* PROBLEM *
The data below is to be repeated in full, exactly as given.

* DATA PROVIDED *
★ ★ ★ ★ ★ ★ ★

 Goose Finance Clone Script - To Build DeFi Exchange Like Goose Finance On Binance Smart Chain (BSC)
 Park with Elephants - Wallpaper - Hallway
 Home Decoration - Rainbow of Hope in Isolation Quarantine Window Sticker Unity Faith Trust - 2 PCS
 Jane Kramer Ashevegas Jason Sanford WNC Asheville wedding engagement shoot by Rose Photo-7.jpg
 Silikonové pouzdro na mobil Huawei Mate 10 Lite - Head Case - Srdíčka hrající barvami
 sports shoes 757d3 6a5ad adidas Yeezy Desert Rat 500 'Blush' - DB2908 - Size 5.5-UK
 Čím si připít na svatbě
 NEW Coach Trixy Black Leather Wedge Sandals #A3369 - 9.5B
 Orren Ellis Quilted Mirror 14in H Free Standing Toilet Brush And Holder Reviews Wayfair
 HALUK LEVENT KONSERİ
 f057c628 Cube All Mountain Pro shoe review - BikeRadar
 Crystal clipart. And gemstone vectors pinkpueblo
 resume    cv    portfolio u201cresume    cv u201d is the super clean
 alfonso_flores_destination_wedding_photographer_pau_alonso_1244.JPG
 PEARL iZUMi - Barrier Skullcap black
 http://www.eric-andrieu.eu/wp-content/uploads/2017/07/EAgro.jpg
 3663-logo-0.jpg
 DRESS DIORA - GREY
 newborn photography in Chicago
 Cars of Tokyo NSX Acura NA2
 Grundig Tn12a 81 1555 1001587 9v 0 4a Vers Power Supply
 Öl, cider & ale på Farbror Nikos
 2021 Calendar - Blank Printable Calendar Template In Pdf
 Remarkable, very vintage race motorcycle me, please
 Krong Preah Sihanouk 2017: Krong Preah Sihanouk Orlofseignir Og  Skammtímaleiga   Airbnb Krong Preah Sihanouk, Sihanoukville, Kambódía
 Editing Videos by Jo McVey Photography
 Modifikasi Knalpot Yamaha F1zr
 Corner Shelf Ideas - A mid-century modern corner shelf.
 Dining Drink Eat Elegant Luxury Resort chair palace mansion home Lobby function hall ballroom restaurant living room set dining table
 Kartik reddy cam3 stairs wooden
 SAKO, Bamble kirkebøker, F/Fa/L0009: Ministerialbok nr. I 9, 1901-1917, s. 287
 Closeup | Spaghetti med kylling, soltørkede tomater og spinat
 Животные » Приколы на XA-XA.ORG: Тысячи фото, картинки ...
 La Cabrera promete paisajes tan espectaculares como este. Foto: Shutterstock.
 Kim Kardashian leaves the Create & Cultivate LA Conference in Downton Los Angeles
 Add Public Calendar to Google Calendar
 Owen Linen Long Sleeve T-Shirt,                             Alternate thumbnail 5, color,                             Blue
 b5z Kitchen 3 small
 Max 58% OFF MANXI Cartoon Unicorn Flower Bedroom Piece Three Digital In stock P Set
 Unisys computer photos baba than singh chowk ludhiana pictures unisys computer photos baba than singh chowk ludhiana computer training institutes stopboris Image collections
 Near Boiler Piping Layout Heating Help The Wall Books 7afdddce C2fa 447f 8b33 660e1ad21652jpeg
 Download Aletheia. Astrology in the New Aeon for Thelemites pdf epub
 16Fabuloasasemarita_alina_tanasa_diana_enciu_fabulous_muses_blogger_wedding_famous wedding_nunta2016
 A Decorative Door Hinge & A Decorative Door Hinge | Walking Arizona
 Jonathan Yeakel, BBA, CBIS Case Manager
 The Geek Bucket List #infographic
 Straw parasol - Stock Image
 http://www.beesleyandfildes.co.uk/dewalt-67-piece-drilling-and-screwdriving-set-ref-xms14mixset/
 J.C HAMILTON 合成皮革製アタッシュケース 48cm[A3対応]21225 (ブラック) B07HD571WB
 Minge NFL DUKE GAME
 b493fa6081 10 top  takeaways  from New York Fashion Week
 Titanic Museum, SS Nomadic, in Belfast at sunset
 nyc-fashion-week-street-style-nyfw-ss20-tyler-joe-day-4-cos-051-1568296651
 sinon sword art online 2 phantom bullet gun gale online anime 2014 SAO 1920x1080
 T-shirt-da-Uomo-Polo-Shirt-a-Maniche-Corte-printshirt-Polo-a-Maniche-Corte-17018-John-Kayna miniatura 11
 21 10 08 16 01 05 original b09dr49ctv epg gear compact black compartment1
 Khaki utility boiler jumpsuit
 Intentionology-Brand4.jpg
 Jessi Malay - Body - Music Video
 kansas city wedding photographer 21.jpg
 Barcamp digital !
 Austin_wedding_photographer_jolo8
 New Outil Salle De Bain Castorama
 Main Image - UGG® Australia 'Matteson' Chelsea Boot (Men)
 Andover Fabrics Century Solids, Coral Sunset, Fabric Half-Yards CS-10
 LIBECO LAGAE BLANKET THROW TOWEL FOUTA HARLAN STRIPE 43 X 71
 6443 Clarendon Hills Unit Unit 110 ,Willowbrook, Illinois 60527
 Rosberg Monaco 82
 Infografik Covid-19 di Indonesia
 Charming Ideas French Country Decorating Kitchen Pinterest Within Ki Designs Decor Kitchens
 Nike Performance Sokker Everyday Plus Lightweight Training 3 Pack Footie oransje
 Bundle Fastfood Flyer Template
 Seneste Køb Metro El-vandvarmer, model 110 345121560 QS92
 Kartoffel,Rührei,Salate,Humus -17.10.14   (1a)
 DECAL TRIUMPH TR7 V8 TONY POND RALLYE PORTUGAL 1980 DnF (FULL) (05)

★ ★ ★ ★ ★ ★ ★

* ANSWER FOR THIS EXERCISE *
 Goose Finance Clone Script - To Build DeFi Exchange Like Goose Finance On Binance Smart Chain (BSC)
 Park with Elephants - Wallpaper - Hallway
 Home Decoration - Rainbow of Hope in Isolation Quarantine Window Sticker Unity Faith Trust - 2 PCS
 Jane Kramer Ashevegas Jason Sanford WNC Asheville wedding engagement shoot by Rose Photo-7.jpg
 Silikonové pouzdro na mobil Huawei Mate 10 Lite - Head Case - Srdíčka hrající barvami
 sports shoes 757d3 6a5ad adidas Yeezy Desert Rat 500 'Blush' - DB2908 - Size 5.5-UK
 Čím si připít na svatbě
 NEW Coach Trixy Black Leather Wedge Sandals #A3369 - 9.5B
 Orren Ellis Quilted Mirror 14in H Free Standing Toilet Brush And Holder Reviews Wayfair
 HALUK LEVENT KONSERİ
 f057c628 Cube All Mountain Pro shoe review - BikeRadar
 Crystal clipart. And gemstone vectors pinkpueblo
 resume    cv    portfolio u201cresume    cv u201d is the super clean
 alfonso_flores_destination_wedding_photographer_pau_alonso_1244.JPG
 PEARL iZUMi - Barrier Skullcap black
 http://www.eric-andrieu.eu/wp-content/uploads/2017/07/EAgro.jpg
 3663-logo-0.jpg
 DRESS DIORA - GREY
 newborn photography in Chicago
 Cars of Tokyo NSX Acura NA2
 Grundig Tn12a 81 1555 1001587 9v 0 4a Vers Power Supply
 Öl, cider & ale på Farbror Nikos
 2021 Calendar - Blank Printable Calendar Template In Pdf
 Remarkable, very vintage race motorcycle me, please
 Krong Preah Sihanouk 2017: Krong Preah Sihanouk Orlofseignir Og  Skammtímaleiga   Airbnb Krong Preah Sihanouk, Sihanoukville, Kambódía
 Editing Videos by Jo McVey Photography
 Modifikasi Knalpot Yamaha F1zr
 Corner Shelf Ideas - A mid-century modern corner shelf.
 Dining Drink Eat Elegant Luxury Resort chair palace mansion home Lobby function hall ballroom restaurant living room set dining table
 Kartik reddy cam3 stairs wooden
 SAKO, Bamble kirkebøker, F/Fa/L0009: Ministerialbok nr. I 9, 1901-1917, s. 287
 Closeup | Spaghetti med kylling, soltørkede tomater og spinat
 Животные » Приколы на XA-XA.ORG: Тысячи фото, картинки ...
 La Cabrera promete paisajes tan espectaculares como este. Foto: Shutterstock.
 Kim Kardashian leaves the Create & Cultivate LA Conference in Downton Los Angeles
 Add Public Calendar to Google Calendar
 Owen Linen Long Sleeve T-Shirt,                             Alternate thumbnail 5, color,                             Blue
 b5z Kitchen 3 small
 Max 58% OFF MANXI Cartoon Unicorn Flower Bedroom Piece Three Digital In stock P Set
 Unisys computer photos baba than singh chowk ludhiana pictures unisys computer photos baba than singh chowk ludhiana computer training institutes stopboris Image collections
 Near Boiler Piping Layout Heating Help The Wall Books 7afdddce C2fa 447f 8b33 660e1ad21652jpeg
 Download Aletheia. Astrology in the New Aeon for Thelemites pdf epub
 16Fabuloasasemarita_alina_tanasa_diana_enciu_fabulous_muses_blogger_wedding_famous wedding_nunta2016
 A Decorative Door Hinge & A Decorative Door Hinge | Walking Arizona
 Jonathan Yeakel, BBA, CBIS Case Manager
 The Geek Bucket List #infographic
 Straw parasol - Stock Image
 http://www.beesleyandfildes.co.uk/dewalt-67-piece-drilling-and-screwdriving-set-ref-xms14mixset/
 J.C HAMILTON 合成皮革製アタッシュケース 48cm[A3対応]21225 (ブラック) B07HD571WB
 Minge NFL DUKE GAME
 b493fa6081 10 top  takeaways  from New York Fashion Week
 Titanic Museum, SS Nomadic, in Belfast at sunset
 nyc-fashion-week-street-style-nyfw-ss20-tyler-joe-day-4-cos-051-1568296651
 sinon sword art online 2 phantom bullet gun gale online anime 2014 SAO 1920x1080
 T-shirt-da-Uomo-Polo-Shirt-a-Maniche-Corte-printshirt-Polo-a-Maniche-Corte-17018-John-Kayna miniatura 11
 21 10 08 16 01 05 original b09dr49ctv epg gear compact black compartment1
 Khaki utility boiler jumpsuit
 Intentionology-Brand4.jpg
 Jessi Malay - Body - Music Video
 kansas city wedding photographer 21.jpg
 Barcamp digital !
 Austin_wedding_photographer_jolo8
 New Outil Salle De Bain Castorama
 Main Image - UGG® Australia 'Matteson' Chelsea Boot (Men)
 Andover Fabrics Century Solids, Coral Sunset, Fabric Half-Yards CS-10
 LIBECO LAGAE BLANKET THROW TOWEL FOUTA HARLAN STRIPE 43 X 71
 6443 Clarendon Hills Unit Unit 110 ,Willowbrook, Illinois 60527
 Rosberg Monaco 82
 Infografik Covid-19 di Indonesia
 Charming Ideas French Country Decorating Kitchen Pinterest Within Ki Designs Decor Kitchens
 Nike Performance Sokker Everyday Plus Lightweight Training 3 Pack Footie oransje
 Bundle Fastfood Flyer Template
 Seneste Køb Metro El-vandvarmer, model 110 345121560 QS92
 Kartoffel,Rührei,Salate,Humus -17.10.14   (1a)
 DECAL TRIUMPH TR7 V8 TONY POND RALLYE PORTUGAL 1980 DnF (FULL) (05)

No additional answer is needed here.